Instructions to follow =
Print the whole listing again exactly, keeping no pictures in it.

Data segment =

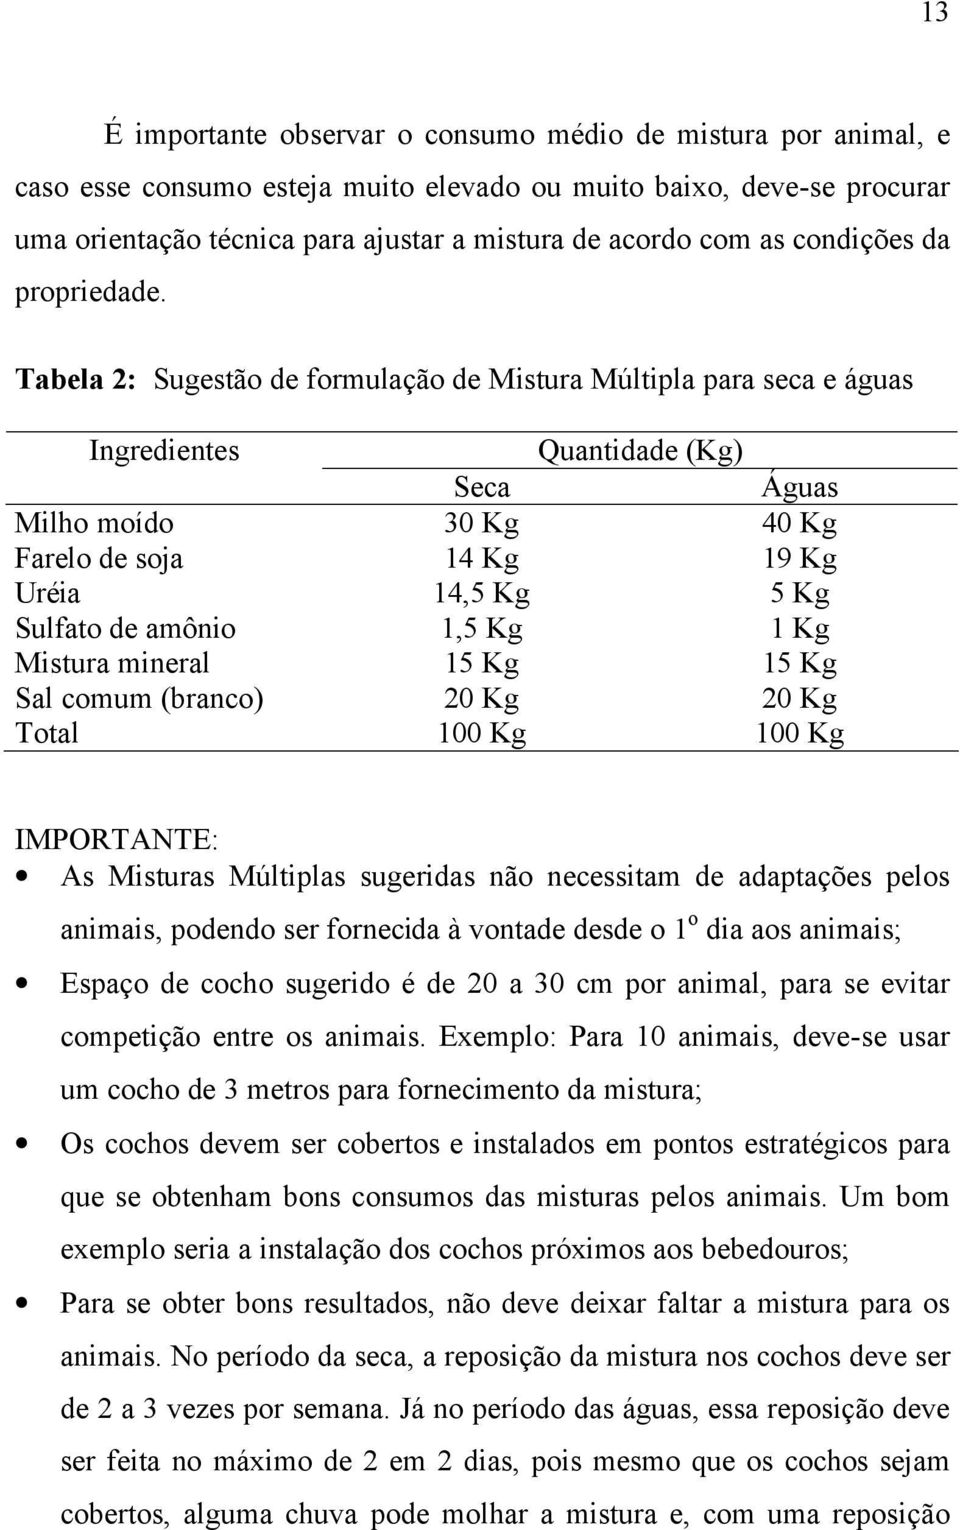 Tabela 2: Sugestão de formulação de Mistura Múltipla para seca e águas Ingredientes Quantidade (Kg) Seca Águas Milho moído 30 Kg 40 Kg Farelo de soja 14 Kg 19 Kg Uréia 14,5 Kg 5 Kg Sulfato de amônio
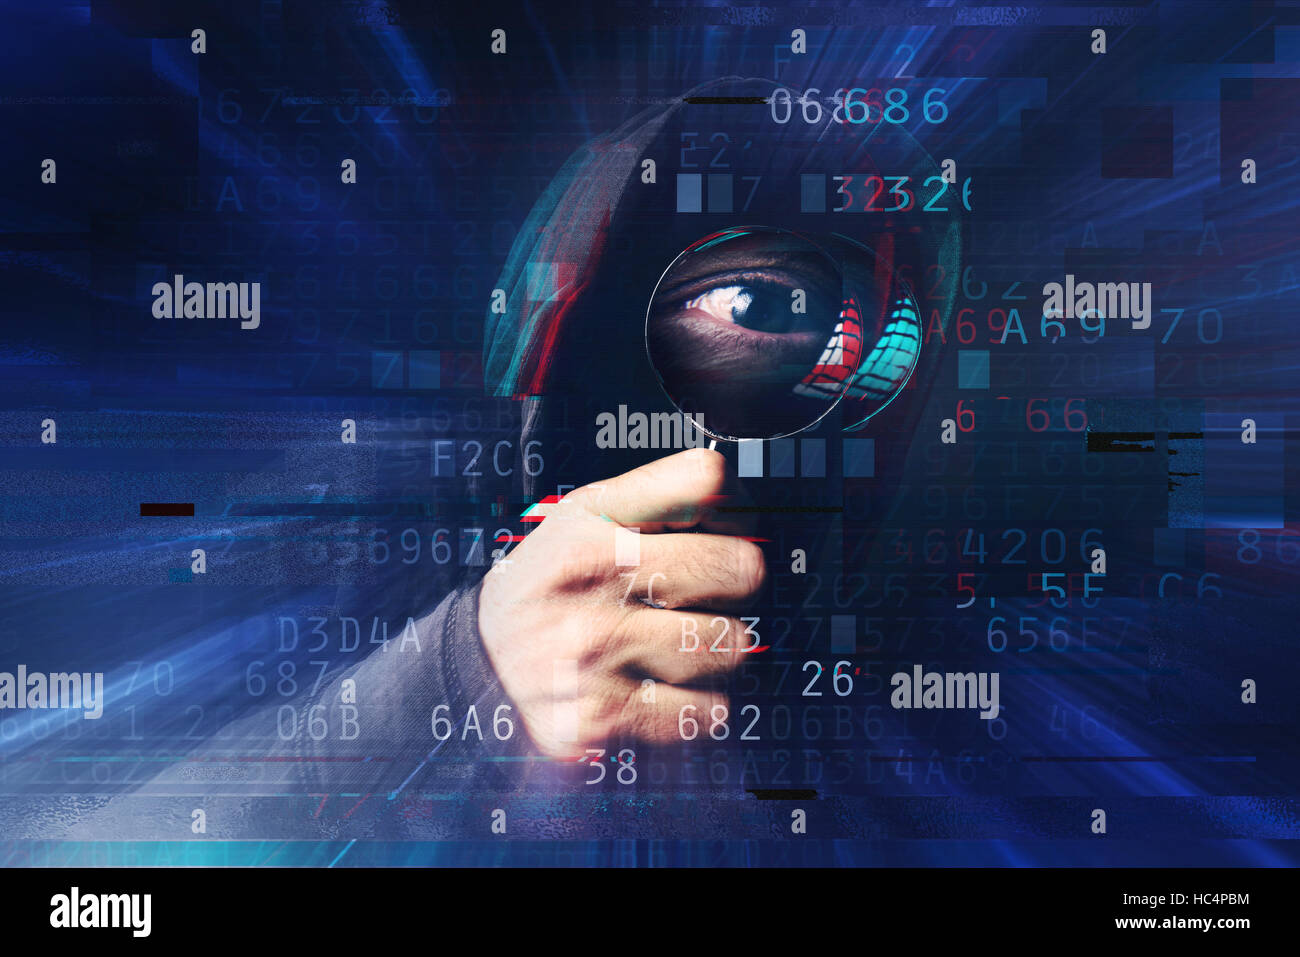 Spyware e concetto ransomware digitale con effetto di glitch, spooky incappucciati hacker con lente di ingrandimento al furto di identità online nad hacking abbiamo personale Foto Stock
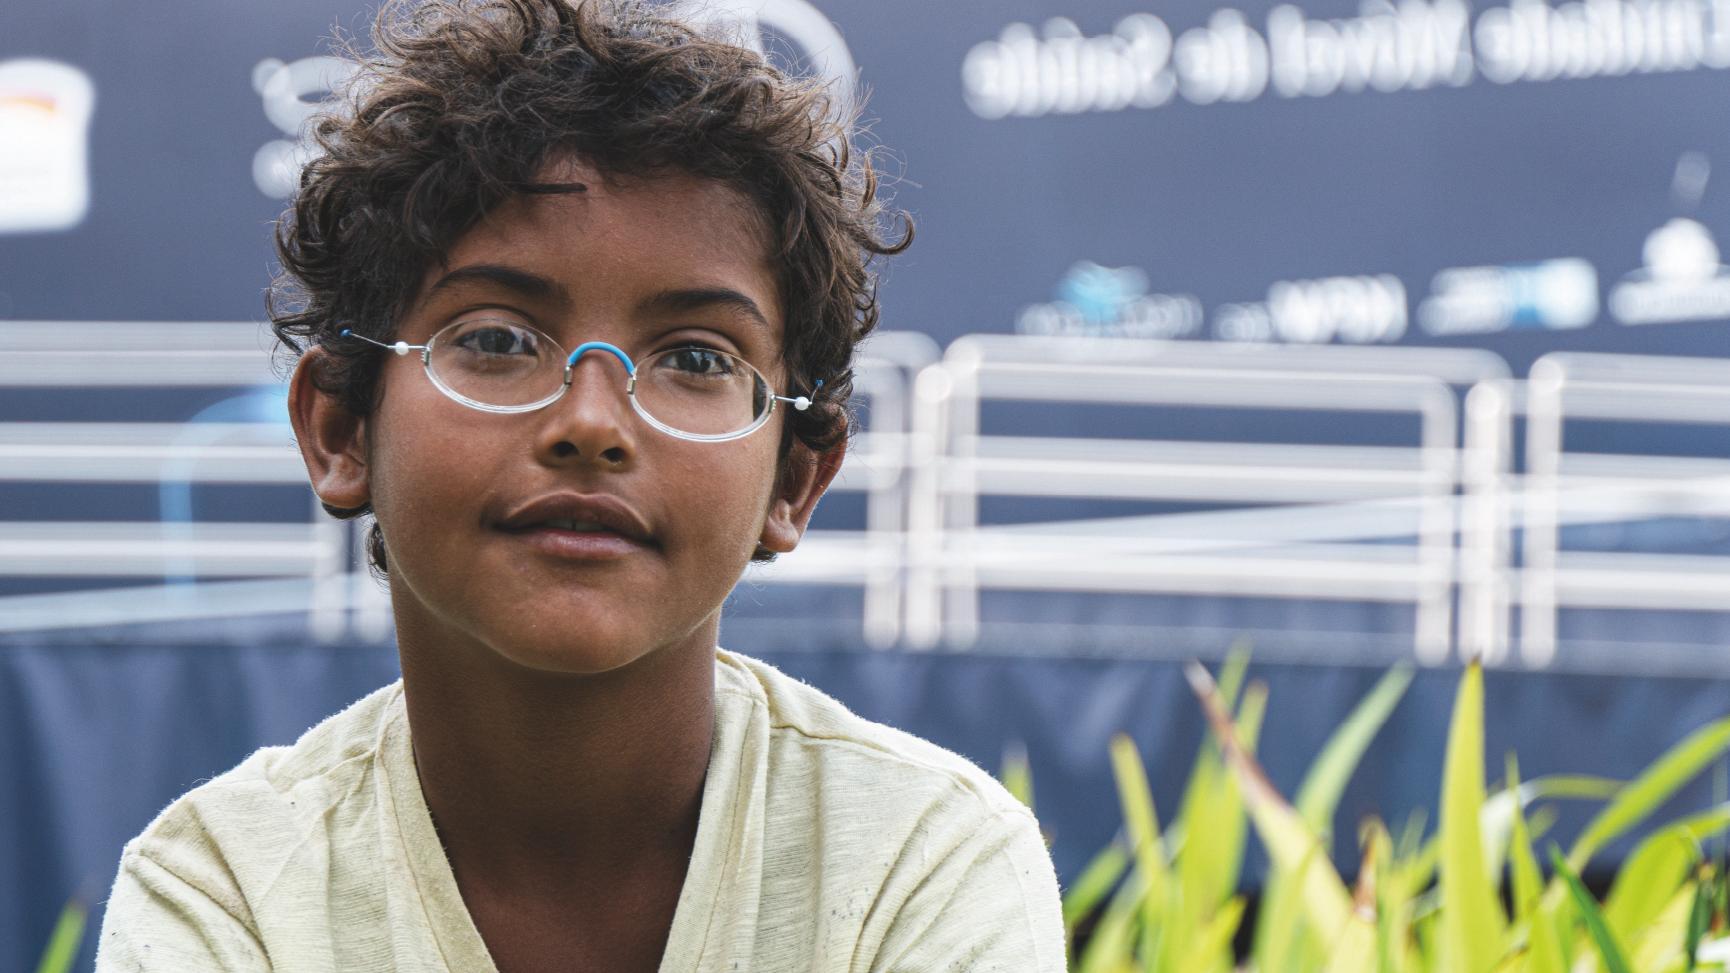 Brasilianischer Junge mit Brille vor blauem LKW

Output for this exercise =
 Tabela 2: Sugestão de formulação de Mistura Múltipla para seca e águas Ingredientes Quantidade (Kg) Seca Águas Milho moído 30 Kg 40 Kg Farelo de soja 14 Kg 19 Kg Uréia 14,5 Kg 5 Kg Sulfato de amônio
 Spyware e concetto ransomware digitale con effetto di glitch, spooky incappucciati hacker con lente di ingrandimento al furto di identità online nad hacking abbiamo personale Foto Stock
 Brasilianischer Junge mit Brille vor blauem LKW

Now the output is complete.